Self Learning Kubernetes: Persistent storage (Pt. 3)
Introduction
Most of the articles and tutorials I came across while attempting to learn Kubernetes had to do with setting it up in a cloud environment. My goal was to self host everything so that I could get a better understanding of how Kubernetes worked and so I could have a foundation for working on internal projects that would closely resemble an enterprise environment. Data storage persistence with Kubernetes involves several concept understandings which is what I'll be briefly discussing along with a technology called Longhorn that makes local persistence storage a breeze.
Kubernetes Storage Concepts
There are a few concepts in Kubernetes that you need to know about in order to understand how storage within Kubernetes works.
- CSI (Container Storage Interface): CSI is an API standard that standardizes how storage providers integrate with Kubernetes. In this this case, Longhorn is a CSI-compliant implementation which allows on-premises storage. More information on CSI can be found here: https://kubernetes-csi.github.io/docs/
- Volumes: A volume is a directory, possibly with some data in it, which is accessible to the containers in a pod. How that directory comes to be, the medium that backs it, and the contents of it are determined by the particular volume type used. Source: https://kubernetes.io/docs/concepts/storage/volumes/
- Persistent Volume Claims: "A Persistent Volume Claim (PVC) in Kubernetes is like a request for storage by an application.
Here’s a simple analogy: Imagine you’re living in an apartment building (the Kubernetes cluster), and you need a storage unit (persistent storage). You don’t go and grab the storage space directly; instead, you make a request to the building manager (Kubernetes) for a specific size and type of storage. This request is the PVC. The building manager then finds an available storage unit (Persistent Volume or PV) that matches your request and gives you access to it." -ChatGPT
Honestly the way ChatGPT worded this was perfect. It's a way for the developers to request the storage they need. This wording is what made it click for me and you'll see why in a moment.

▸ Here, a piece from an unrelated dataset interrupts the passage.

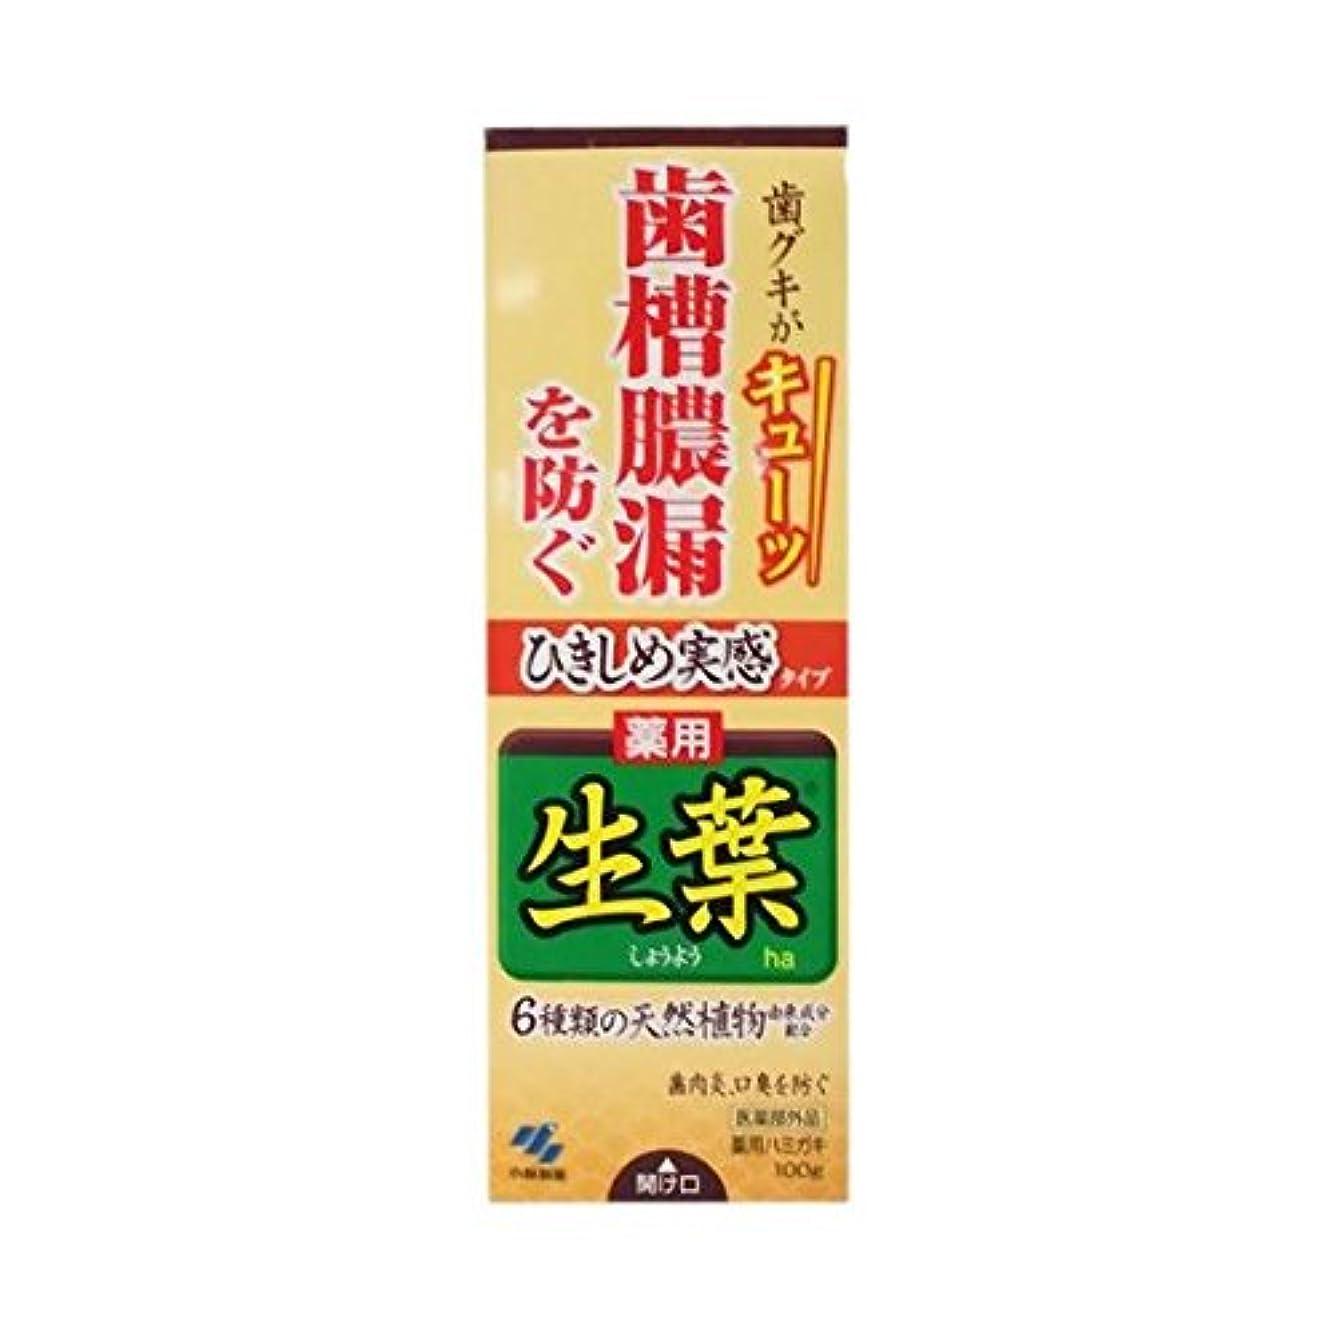 爆風降雨アロング【お徳用 3 セット】 ひきしめ生葉 100g×3セット

Why the multiple layers (Volumes, Persistent Volume Claim, Storage Class)?
There are multiple technology teams in globally sized enterprises each with their own responsibilities to keep the organization working as intended. With Kubernetes you can split responsibilities up.
For example, as a developer I want 50GB available for my application. I don't care about the underlying implementation details, just give me 50GB.
Likewise, as a devops engineer I want to deploy an application using CI/CD. I may not want to know about the storage medium and other facets, my job is to setup Jenkins, TeamCity, or any other CI/CD pipeline to get the application deployed. In this case, I may just need to create the helm chart that specifies the image used and the location from which to find the image. I don't care about the storage needed in this example as the developer has specified everything the application needs.
One more example would be the Infosec team requiring that certain network policies and role based access is in place. They can setup the roles and policies needed and may even work with the networking team for setting up the networking between the various applications.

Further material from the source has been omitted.